Whether you want to believe that will make a difference is up to you
And this is my problem. 5k - very real : whether there's enough improvement - belief.
The fact that one might need 5k to get to a 500$ CD-player level reproduction, as you said, might be seen as a good counterargument for vinyl.
I read all the posts in this thread and it seems to me that it comes down to owning a TT because some recordings haven't yet or never will be (if the master is lost) properly transferred to CD. This might be a good reason, but for me it wouldn't justify 5k for TT.
There's a thread on how to choose a good TT
here at Audioholics. It was very nice and a surprise to see Floyd Toole putting in his two bits (and this is an understatement of the year
). That gentleman has so much merit, and BTW he got that merit for trying to stay true to the sound itself and not the style or appeal of audio gear and certainly not those "if you believe it, it will be there" approaches to the subject, that, with full respect of your life choices, I'd take his advice.

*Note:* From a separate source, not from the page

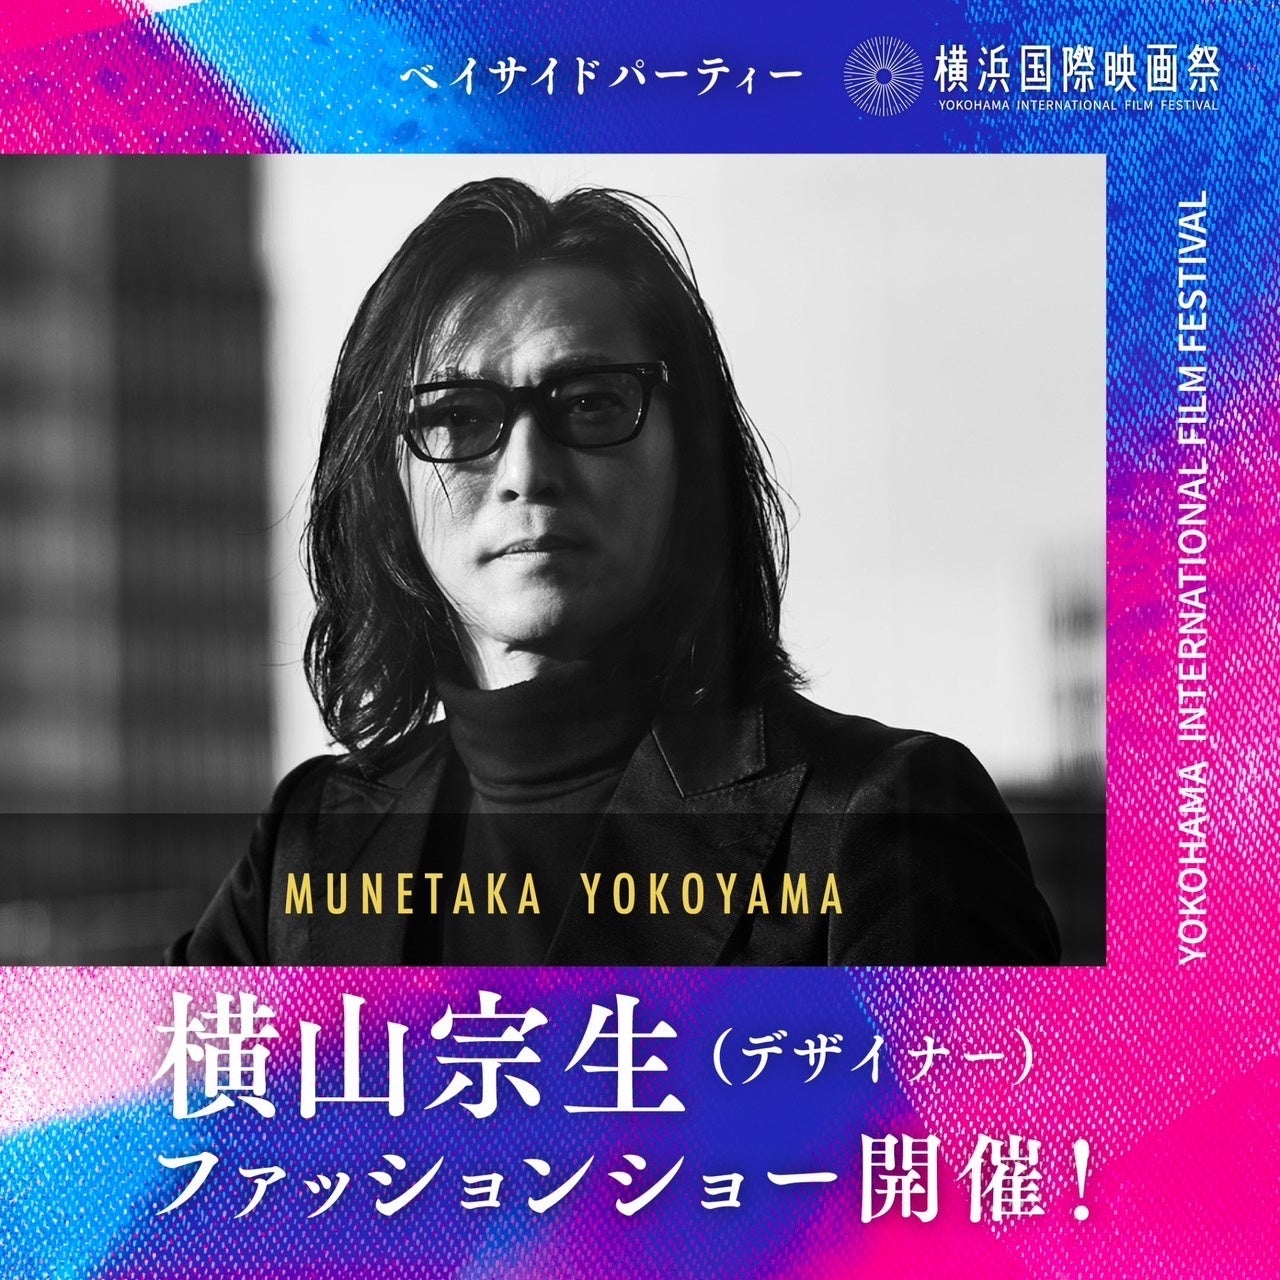 【MUNETAKA YOKOYAMA】5⽉5⽇(⽇) 第２回横浜国際映画祭のファッションショーでDJふぉい・岸明⽇⾹の出演決定！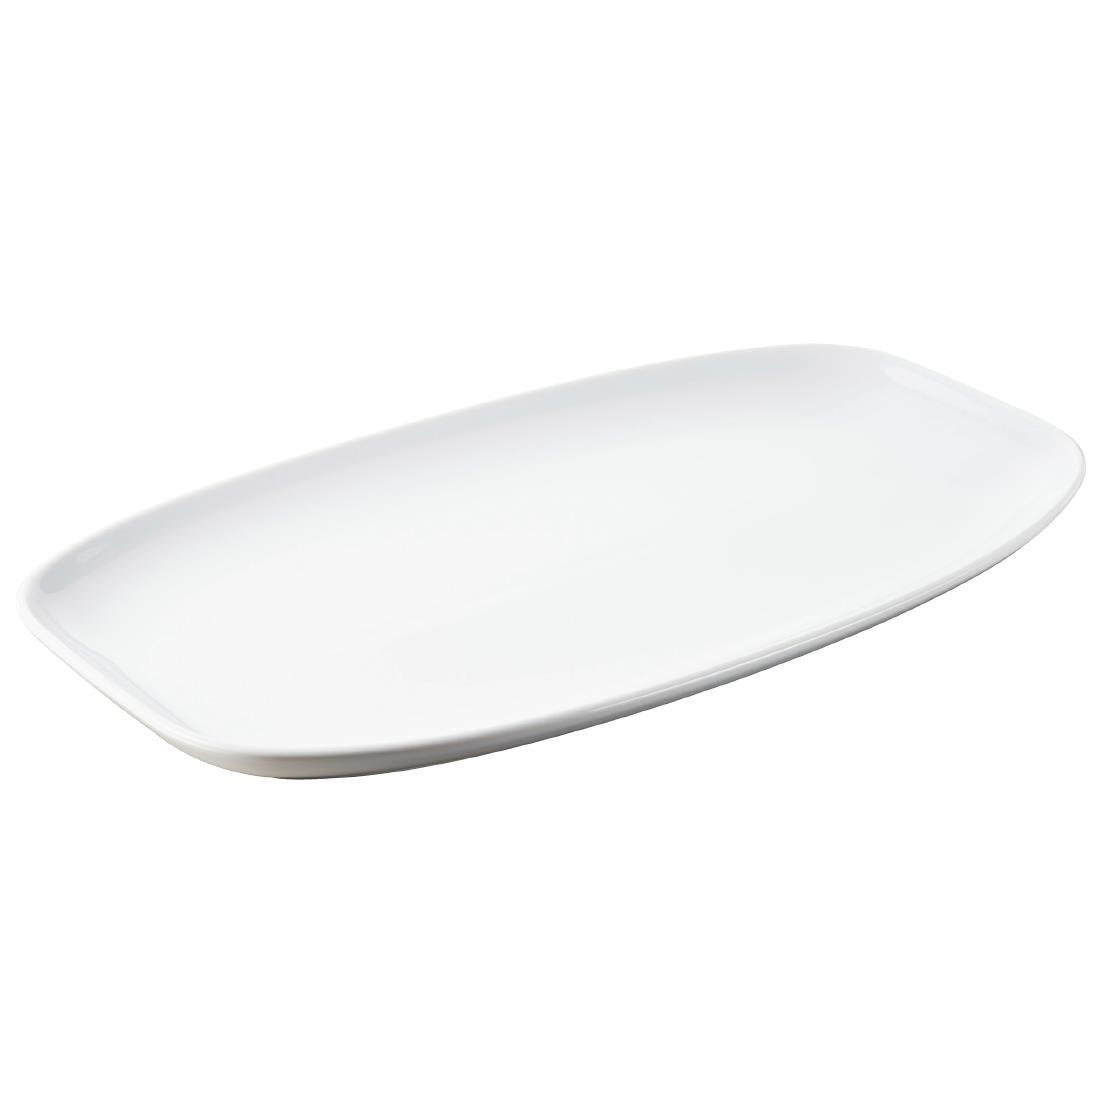 Revol Club Rectangular Plate White 360 x 210mm (Pack of 4) - GM506  - 1

I'll paraphrase his words: building it expensive is just another way of building it good (as in: it doesn't have to be expensive).
And: a lot of CD's sound bad because they were burned from masters that were prepared for vinyl (as in distorted for vinyl to mitigate the shortcomings of the technology itself).
So, through a bitter irony, a lot of these "vinyl is true to the sound/nature/original etc. music lovers might face the fact that, although they see themselves as true to the word, a lot of original masters were lost because of that exact same technology they hold close to their hearts.
At one point you agreed with someone saying it's about mastering only to say Getz is for vinyl a post or two later. These two claims go against each other unless you used the name Getz as a metonymy.
Personally, I don't have a favourite medium, but I do like records and I grew up with records (I'm left with no TT at the moment, I'll get one). I think a huge deal about records lies with the romantic appeal of the ritual of playing them. I respect this romantic appeal, only I don't respect it more than accuracy. (this is where worldviews start so I'm not getting into that).
I think it's fundamentally wrong to ascribe emotional involvement to a piece of gear. Emotional involvement is inside of you.
This is the damage done by marketing IMHO.
People who speak for all those "not accurate or worse measurements can sound better to me" type of stances like to call "emotional" into the debate and I've noticed that through this they imagine themselves as being more life-like, human, of flash and blood. I think this is false, although I might be just as wrong. I think everything emotional lies with the artist (together with the producer or the sound master) and the listener. Emotional is in people. I think that accuracy is the least we can strive for to honor the artist. This is why I think that it is the "flat frequency response gear" and "accurate gear" lot are actually on the right track.
This is too long. Sorry for that. I see the time is ripe to post an "audio worldview" type of comment in some less serious thread.